Here’s the thing: the collar is designed like this, for individual pieces to snap off so you can adjust its size as the dog grows. It snaps right back together. I hadn’t realized it until I sat on it and it broke. But it didn’t really “break”. The mishap actually helped me to FIX it, because it wasn’t fitting him.
This is the collar that wasn’t fitting ME: For the past couple of years I’ve been coming to terms with so many regrets, mistakes I’ve made. Mistakes born out of my character that is quite a distance off from my ideal. I’ve read a lot about “Impostor Syndrome”, but what about “Awakening Syndrome” where you realize: I’m not actually who I was trying/pretending to be for all those years.
So the past year or so has been about coming clean about who I really am, and its not the lofty, “spiritual” persona I spent so many years cultivating. I’m really just a broken box of crayons. Still useful, pretty colors and all, but you know, pretty messy.
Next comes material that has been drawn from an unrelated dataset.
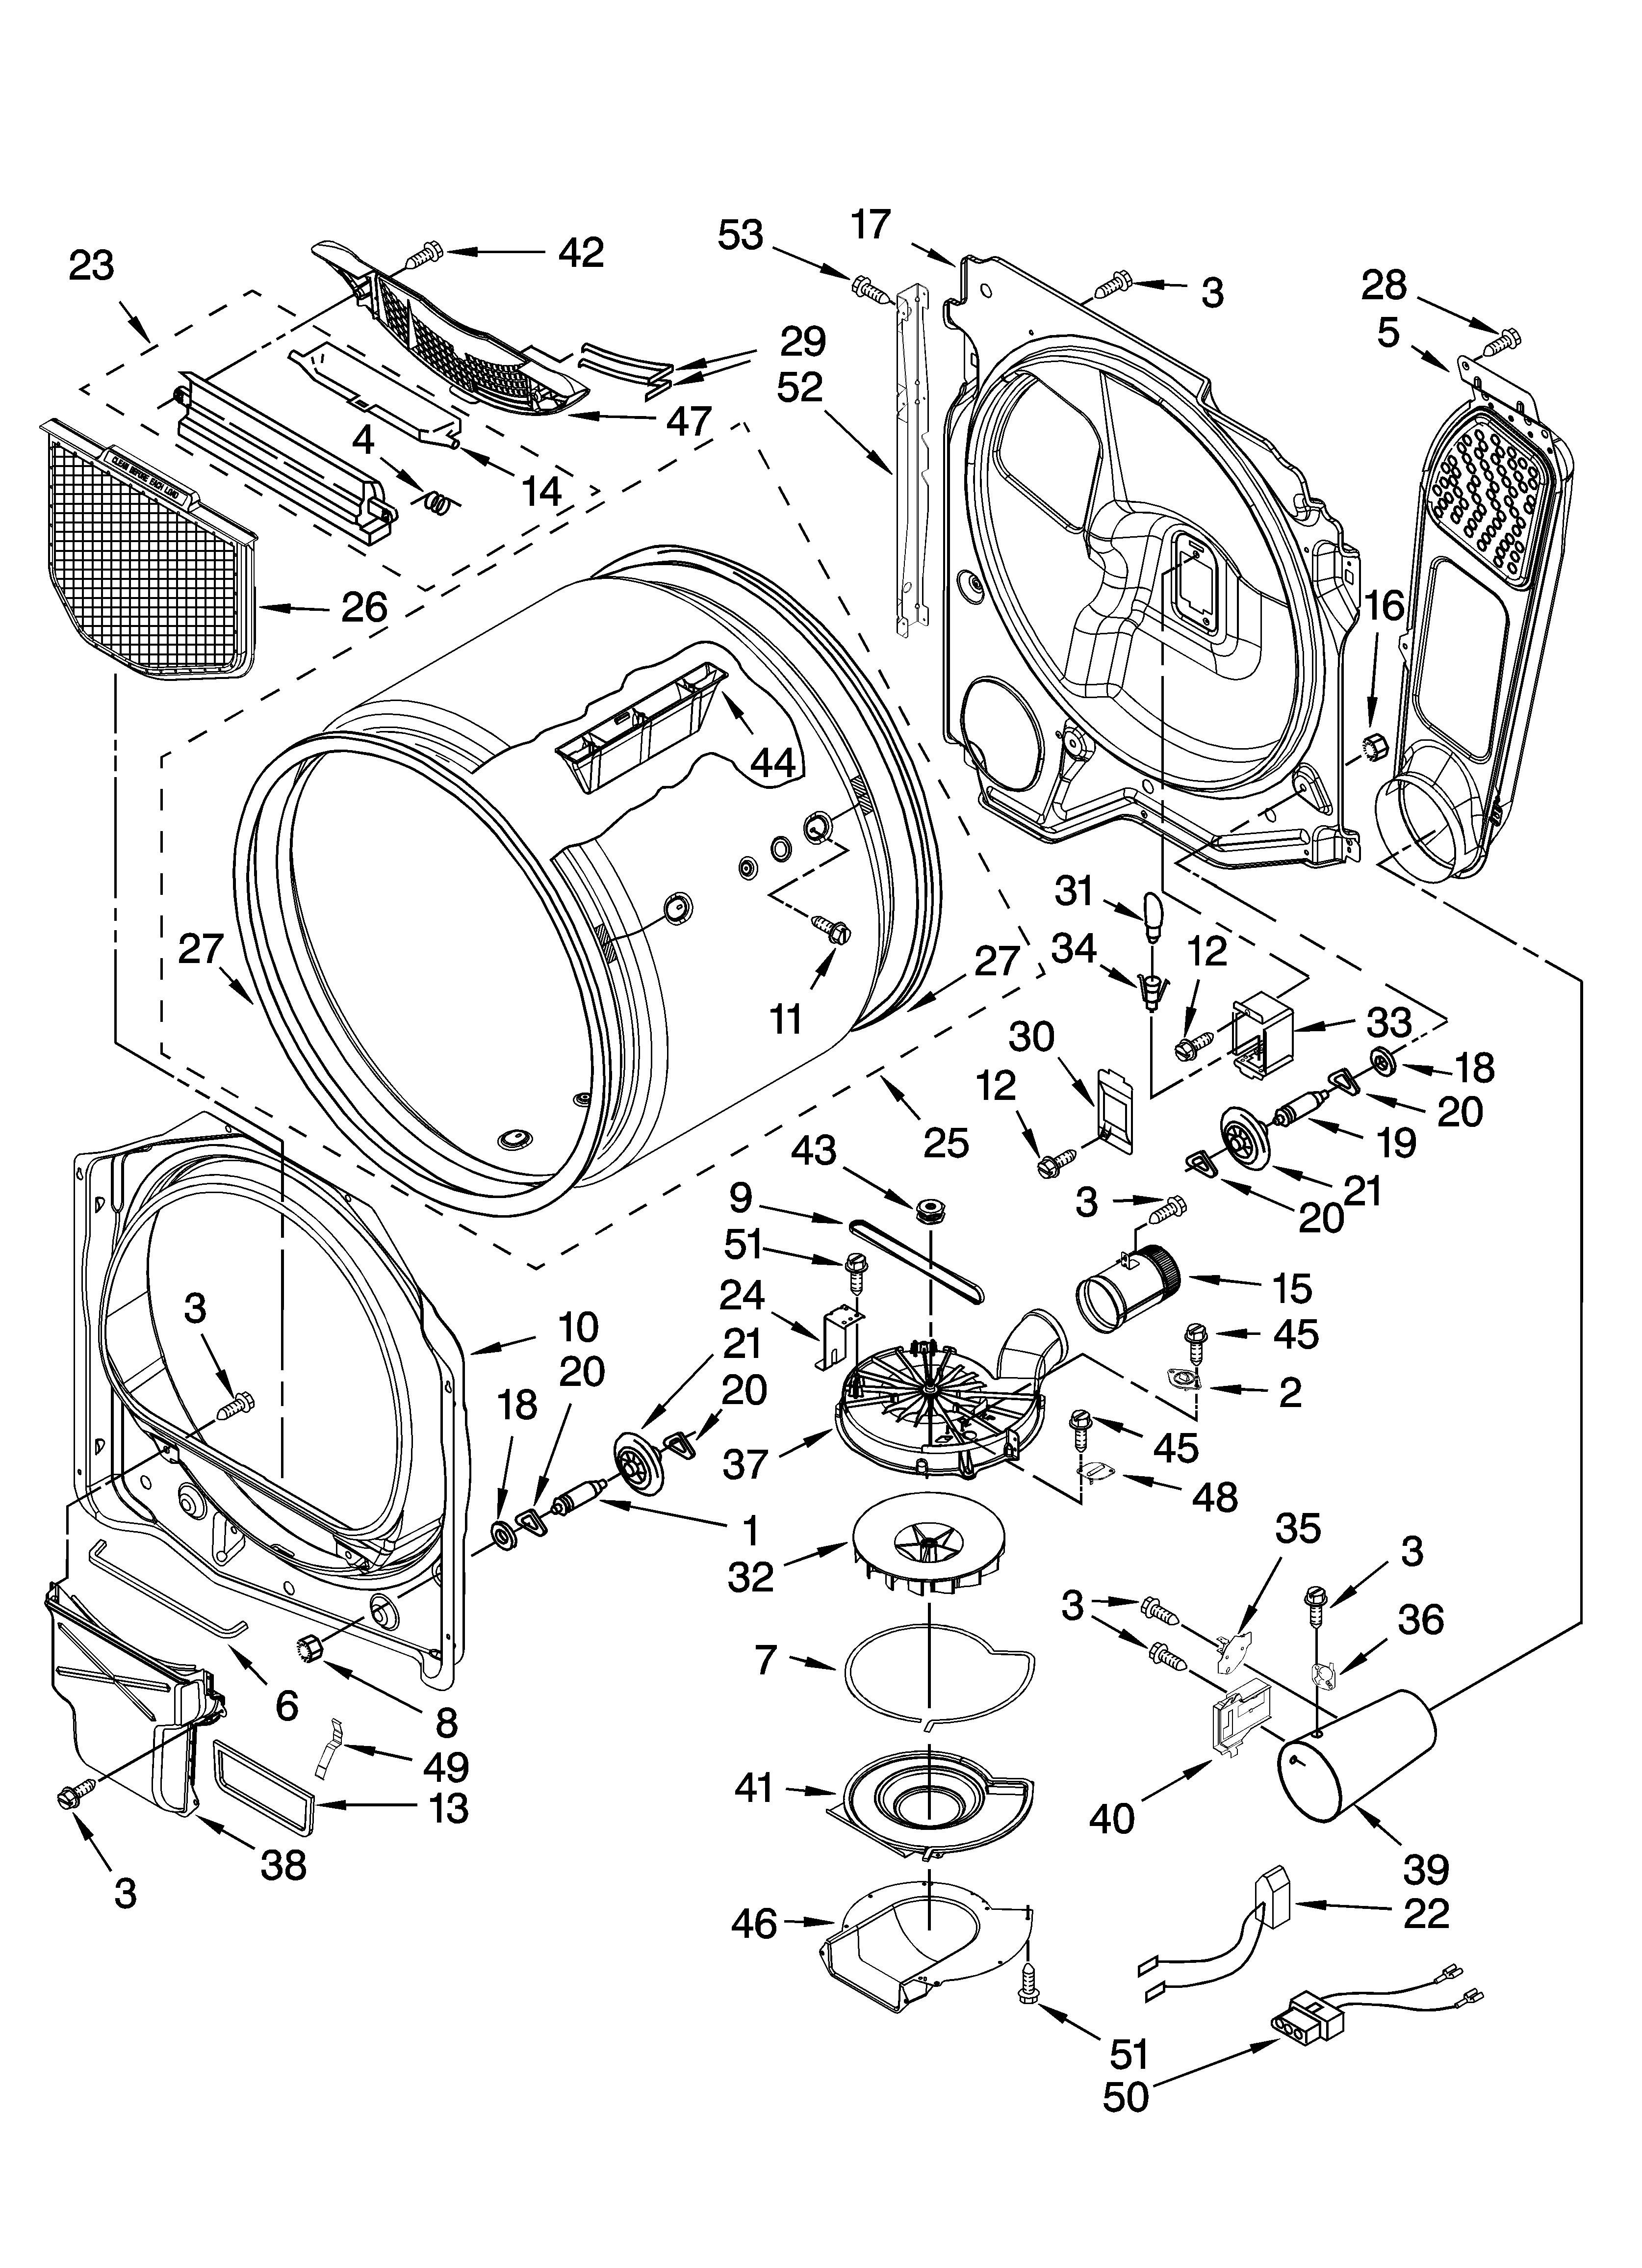 maytag diagrams by 3364  maytag repair maytag repair diagram  maytag repair maytag repair diagram
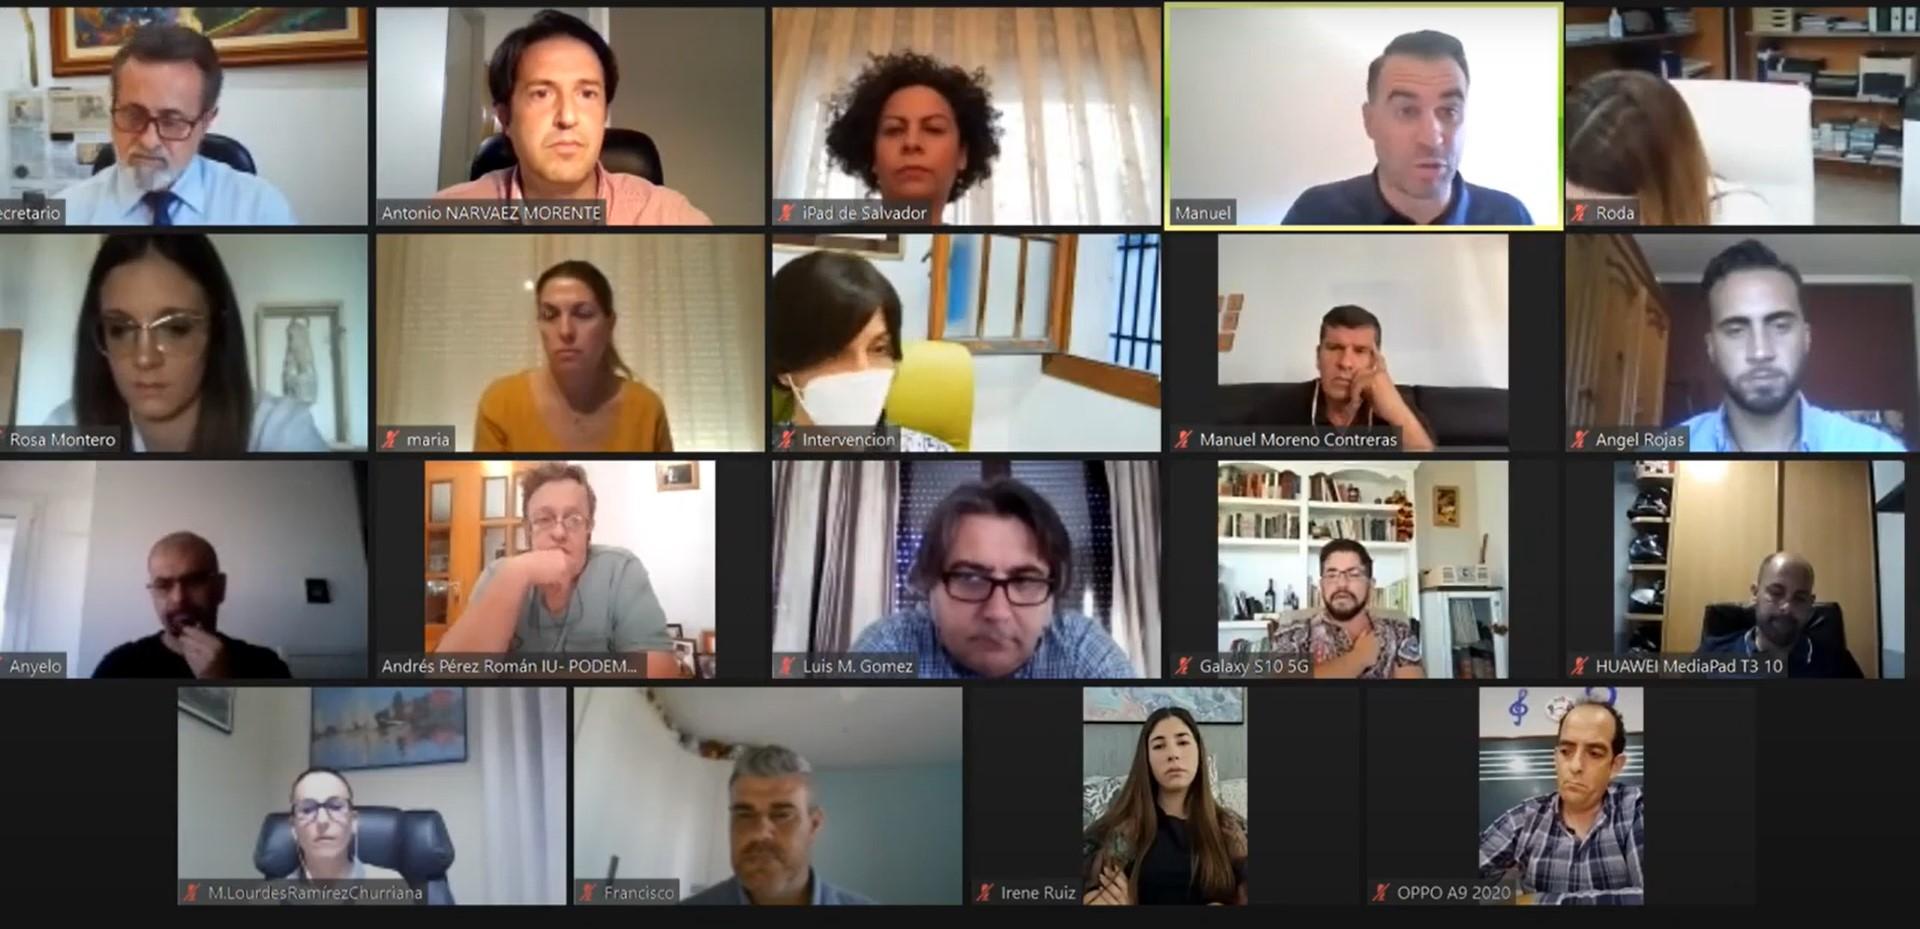 El alcalde de Churriana de la Vega (PP) impide que el caso del concejal tránsfuga se eleve al Consejo Consultivo como pedía el PSOE

So when I sat on the collar and realized, its not really “broken”, but a temporary break is necessary to adjust things, I got to see myself in a new light. Because that old collar was too tight, strangling the life out of me. You have to move through the fear, that the broken collar means destruction.
You might feel a bit “lost” for a minute, as I have in the past couple of years. But its just a realignment with who you REALLY are. Thank god for accidents :-).